Let $\mathcal{F}$ be the class of all sets $A$ such that $A\subseteq \Omega_1\times \Omega_2$ and, for all $R\in \{ E \times F \,|\, E \in \Sigma_1 \textrm{ and } F \in \Sigma_2\}$,

  1. for almost all $x\in \Omega_1$, $(A\cap R)_x=\{y\in\Omega_2 \,|\, (x,y)\in A\cap R \} \in \Sigma_2$ and, the function $x \mapsto \mu_2((A\cap R)_x)$ is $\Sigma_1$-measurable.

  2. for almost all $y\in \Omega_2$, $(A\cap R)^y=\{x\in\Omega_1 \,|\, (x,y)\in A\cap R \} \in \Sigma_1$ and the function $y \mapsto \mu_1((A\cap R)^y)$ is $\Sigma_2$-measurable.

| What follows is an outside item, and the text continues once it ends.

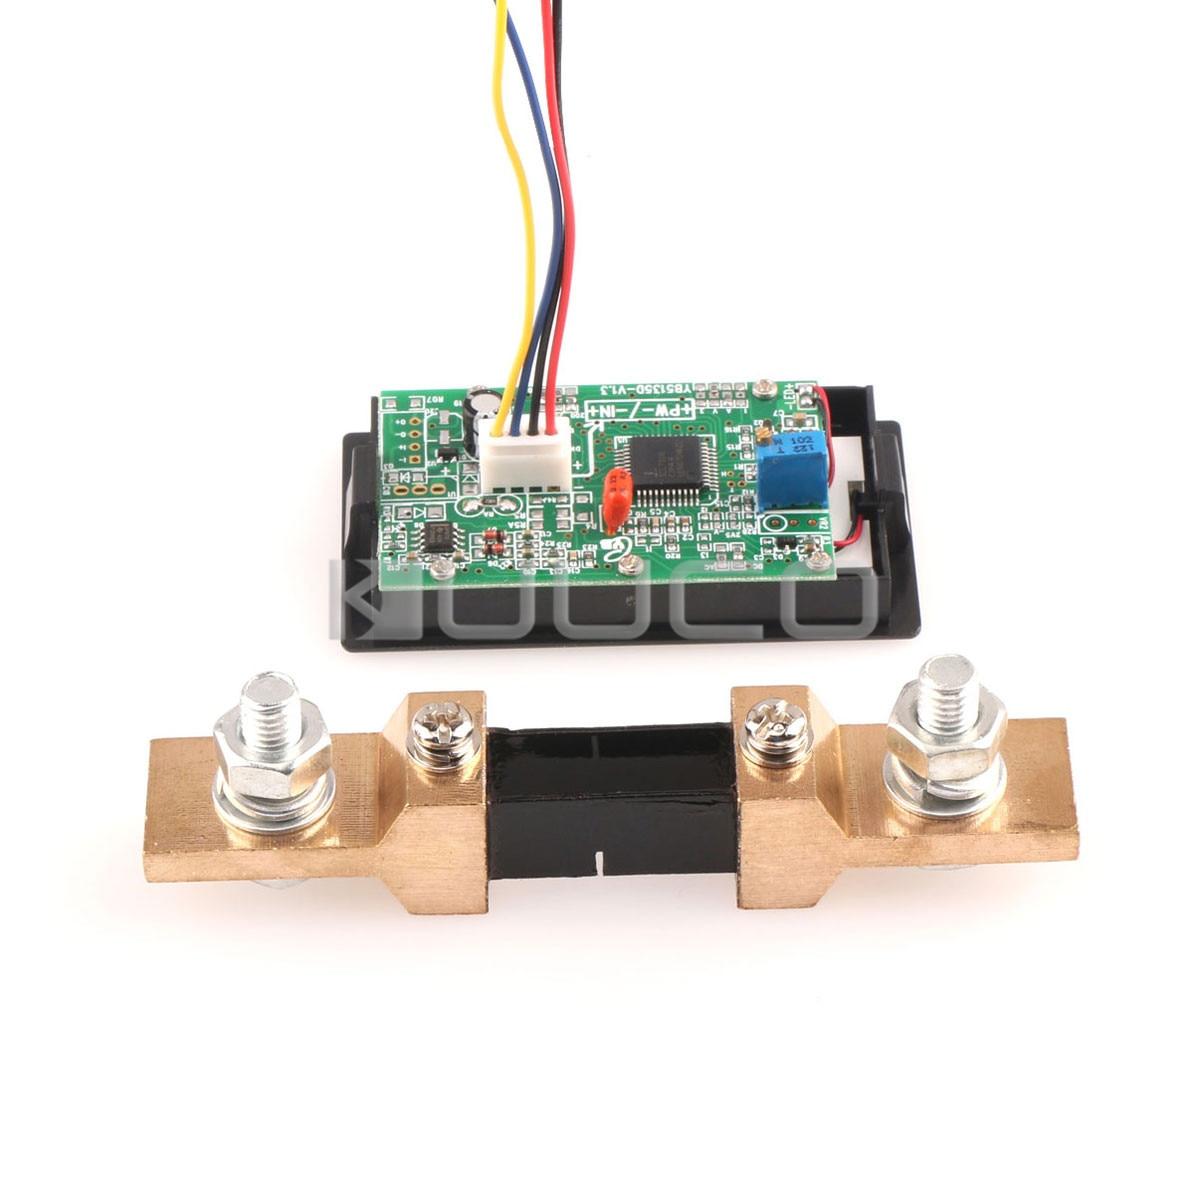 hight resolution of digital tester lcd ammeter ac 0 200a digital current meter ac dc 8v 12v amp meter gauge ampere meter shunt resistor in instrument parts accessories

  3. $\int_{\Omega_1} \mu_2((A\cap R)_x) d\mu_1 = \int_{\Omega_2} \mu_1((A\cap R)^y) d\mu_2$

(Note that $A$ is not supposed to be $\Sigma_1\times\Sigma_2$- measurable)

Can we prove that $\mathcal{F}$ is closed under intersection?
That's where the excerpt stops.